Le 22 juillet, le collectif des sans-papiers de Fribourg avait invité Pietro Basso, professeur de sociologie à l’Université de Venise (institut d’études sur les migrations). Nous reproduisons ci-dessous son intervention. Les sous-titres sont de la rédaction.

Chères amies, chers amis, frères et sœurs immigrés, je suis profondément honoré d’être ici parmi vous et de vous apporter d’Italie la solidarité de ceux et celles qui voient dans votre lutte un combat de première importance pour l’ensemble des travailleurs et travailleuses. Une lutte dont la valeur, la signification et le message vont bien au-delà de Fribourg et de la Suisse.

Ce jeudi s’est déroulée à Gênes — avant les grandes manifestations des 20 et 21 juillet —, dans une Gênes monstrueusement militarisée pour protéger les grands seigneurs de l’exploitation et de la guerre, une manifestation de travailleurs et travailleuses immigrés.
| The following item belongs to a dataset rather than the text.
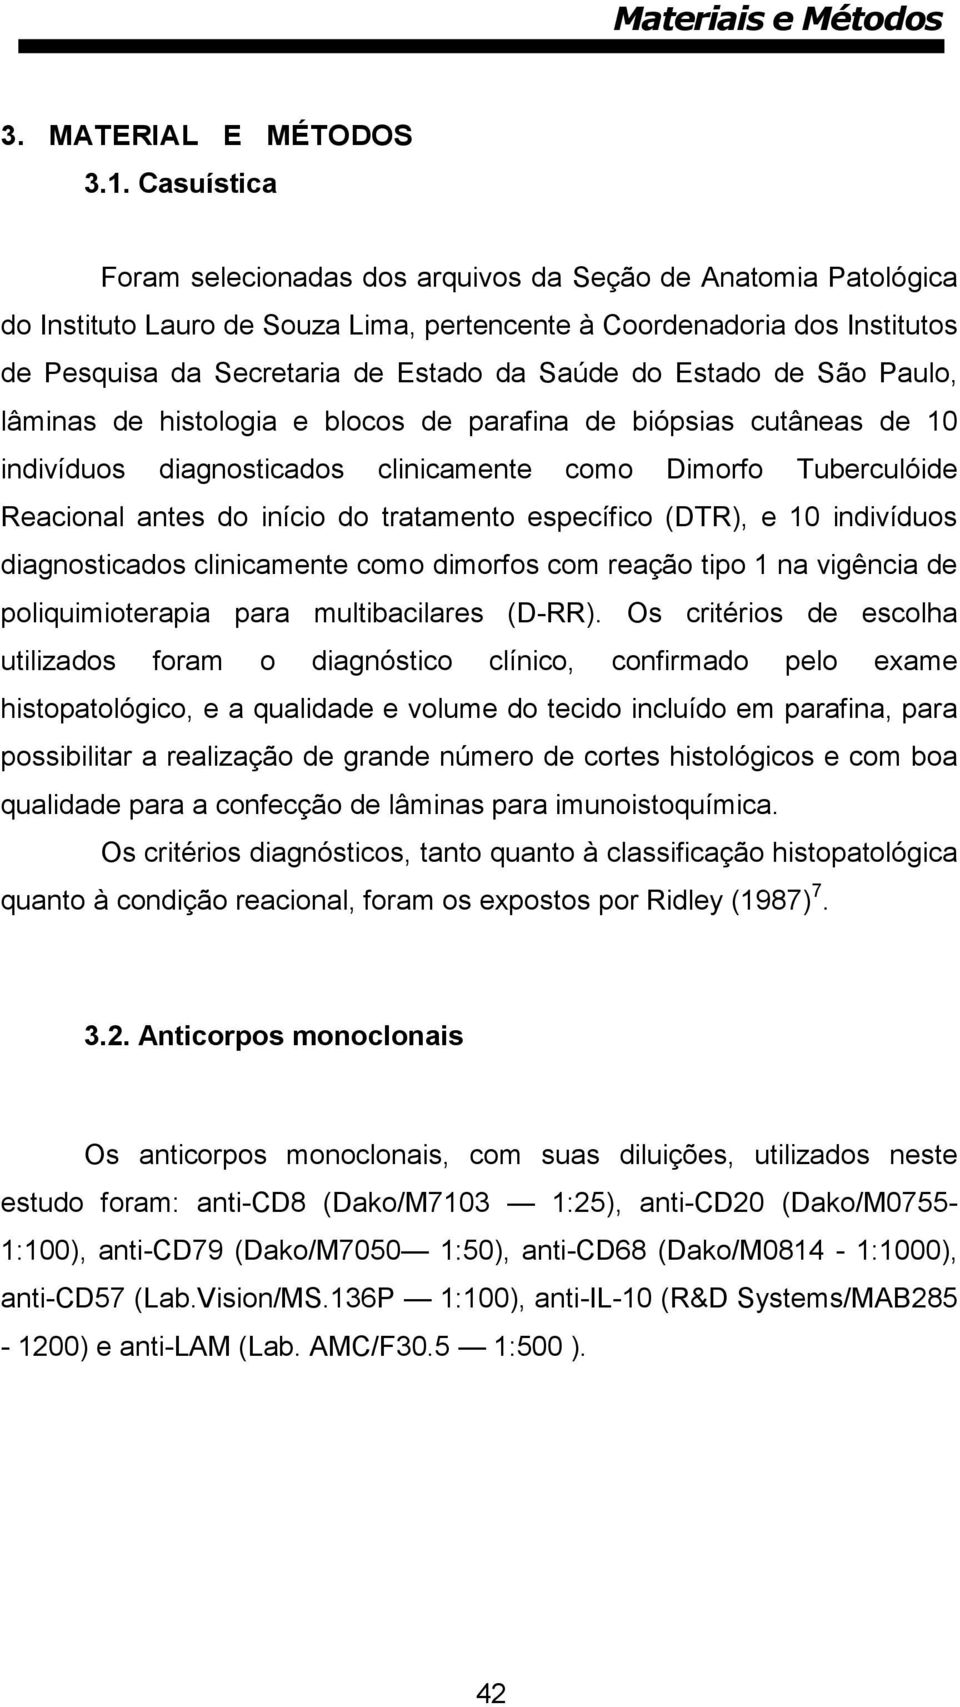 Estado de São Paulo, lâminas de histologia e blocos de parafina de biópsias cutâneas de 10 indivíduos diagnosticados clinicamente como Dimorfo Tuberculóide Reacional antes do início do tratamento

Ces derniers ont clamé en ces lieux vos propres revendications: régularisation collective et immédiate de tous les sans-papiers, plein droit à la libre circulation des personnes, complète égalité des conditions de travail et des droits syndicaux, sociaux, culturels, politiques entre travailleurs italiens et immigrés, amélioration générale des conditions de travail et d’existence pour tout le prolétariat.

On a pu voir les mêmes revendications chez les sans-papiers de Paris, les sin papeles de Barcelone, les immigrés marocains de El Ejido et les immigrés qui ont défilé à Bruxelles en septembre dernier lors de la Marche mondiale des femmes. Et à chaque fois, ces revendications n’ont pas été adressées aux gouvernements et aux Etats comme d’humbles suppliques venant de sujets agenouillés devant les nouveaux rois mais ont été affirmées face à eux, contre eux, en tant que besoins humains élémentaires, inaliénables, en tant que droits à conquérir sur le terrain par la mobilisation collective, l’organisation toujours plus large, multiethnique et internationale de nos forces.
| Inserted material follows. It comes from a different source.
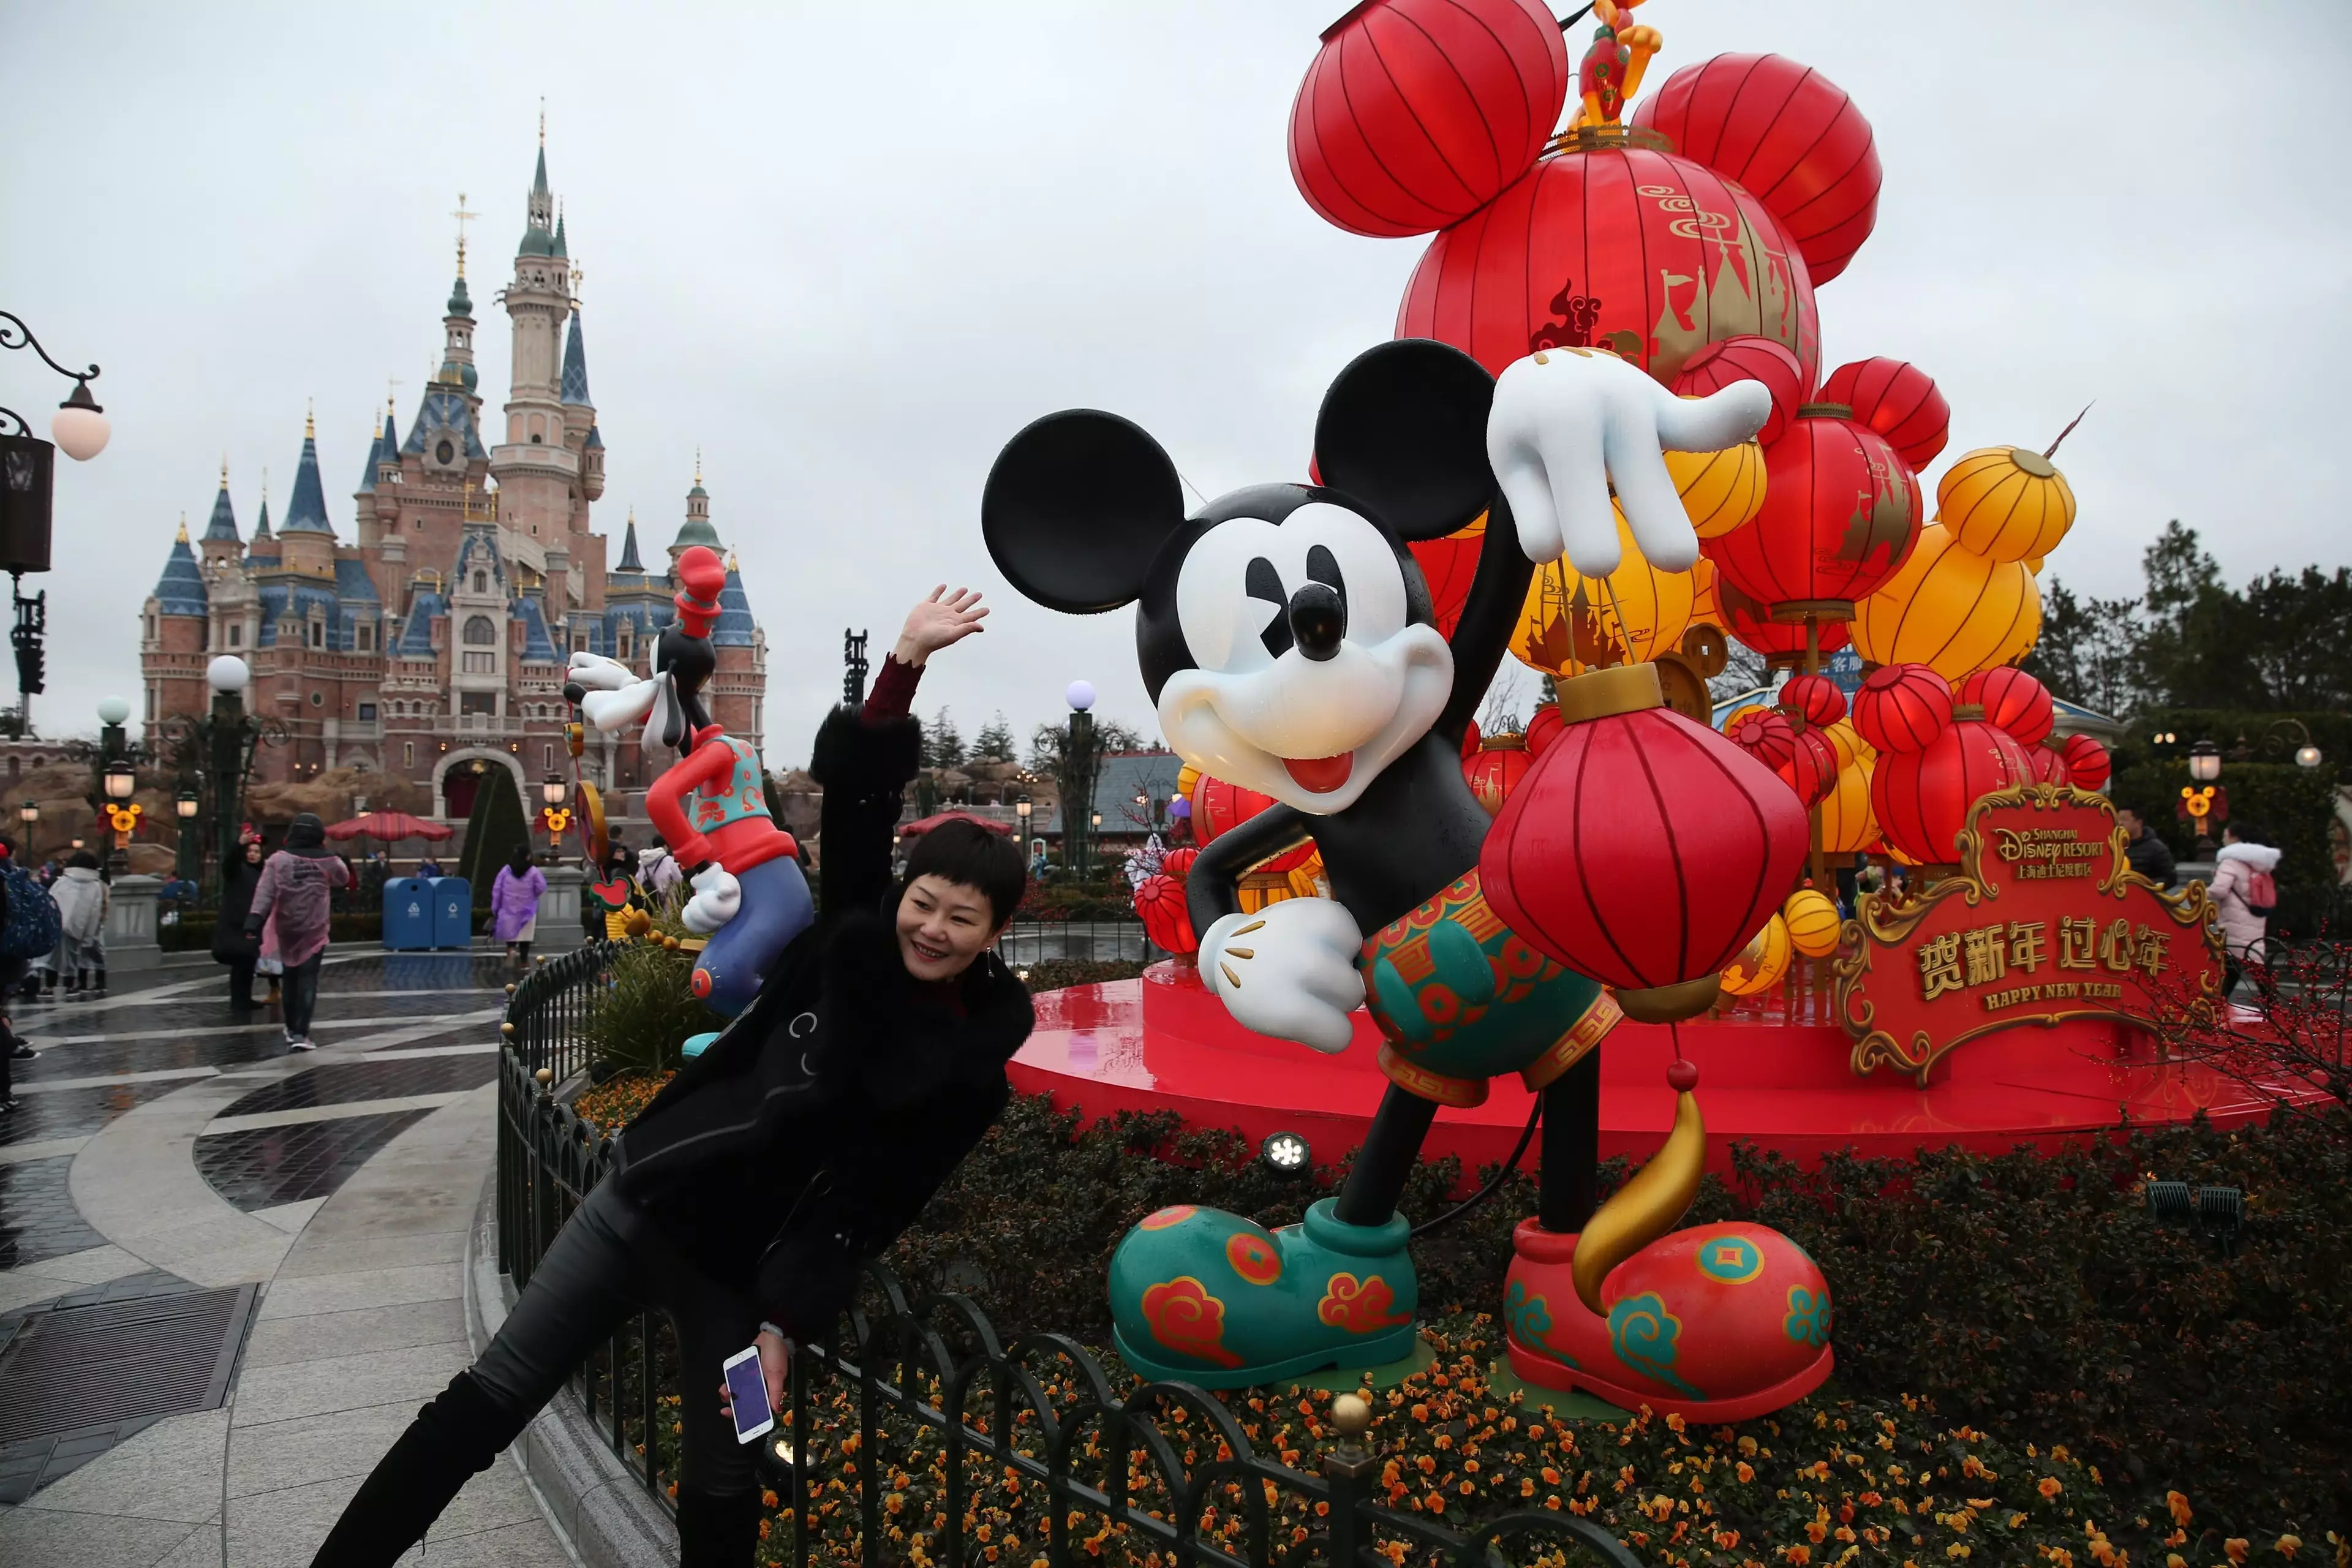 Disneyland in Shanghai is re-opening (

Fatigués de la précarité, des discriminations, des chantages, des humiliations, de la surexploitation que nous réserve cette Europe — qui depuis des siècles s’engraisse de la sueur et du sang de l’Afrique, du monde arabo-islamique, des "braves" esclaves, des peuples plus lointains de l’Asie —, vous, frères et sœurs immigrés, vous vous dressez, vous devenez à nouveau les acteurs de votre destin. Comme un vent de fraîcheur régénérant, votre lutte nous stimule, nous réactive, nous travailleurs et gens simples d’Europe. Ici à Fribourg, comme ailleurs, vous avez recueilli une certaine sympathie, un soutien populaire. Cela est fondamental car notre arme principale, et peut-être même la seule, c’est l’unité de tout le mouvement des travailleurs, l’abolition des milliers de frontières qui, aujourd’hui encore, divisent travailleurs et travailleuses en races et en nations.

Avec votre belle preuve de dignité et de fermeté, vous affirmez une fois de plus que le temps de subir est terminé pour les sans-papiers de tout le continent. Définitivement.
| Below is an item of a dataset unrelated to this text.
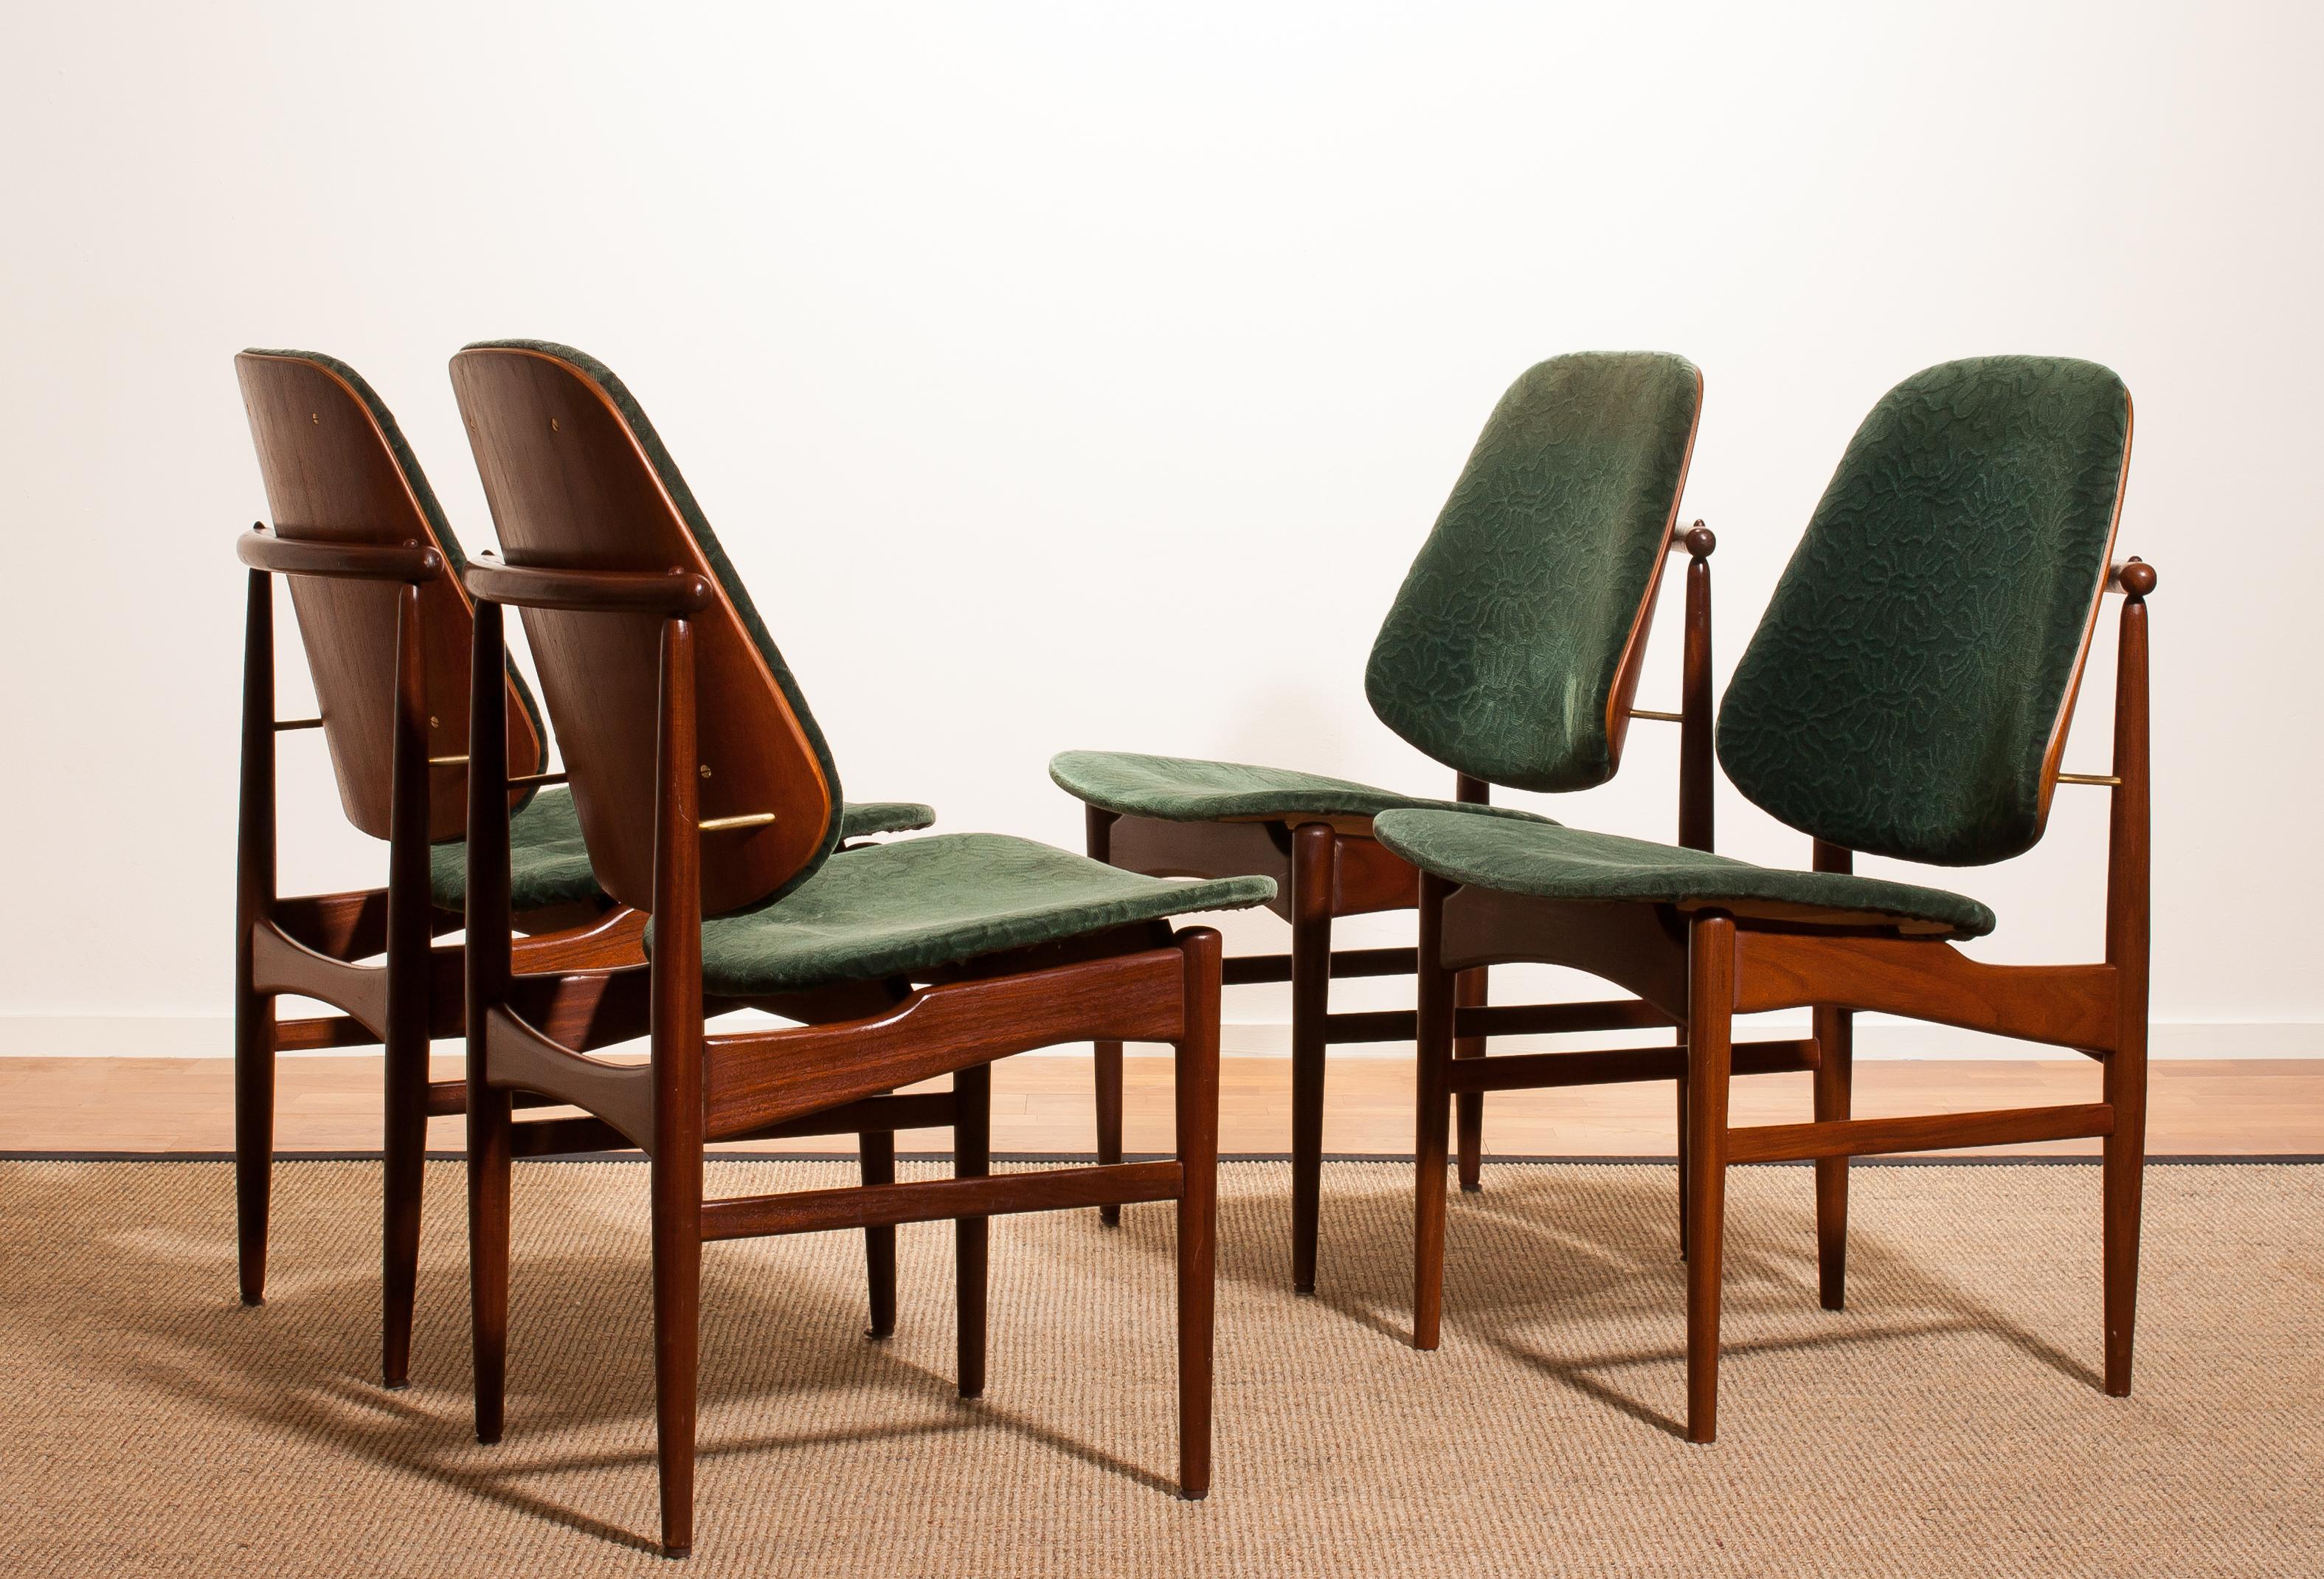 Danish 1950s, Set of Four Teak Dining Chairs by Arne Vodder for France & Daverkosen

C’est un grand but! Et pourtant, nous devons savoir que la lutte des sans-papiers n’est pas une lutte facile, ni brève. Nous devons le savoir non pour nous en retirer, mais, au contraire, pour nous préparer au mieux à livrer bataille et à l’emporter.

Un problème collectif, pas individuel

Prenons l’exemple de l’Italie. Après des années de pressions et de protestations de la part des immigrés, en 1998 a été promulguée une loi qui a accordé à ceux qui avaient émigré en Italie avant 1998, et avaient à cette date un emploi, un logement et aucun compte à régler avec la justice, la possibilité de régulariser leur position en présentant une demande aux préfectures de police. Pourquoi aux préfectures et non pas aux communes? S’agissait-il de criminels?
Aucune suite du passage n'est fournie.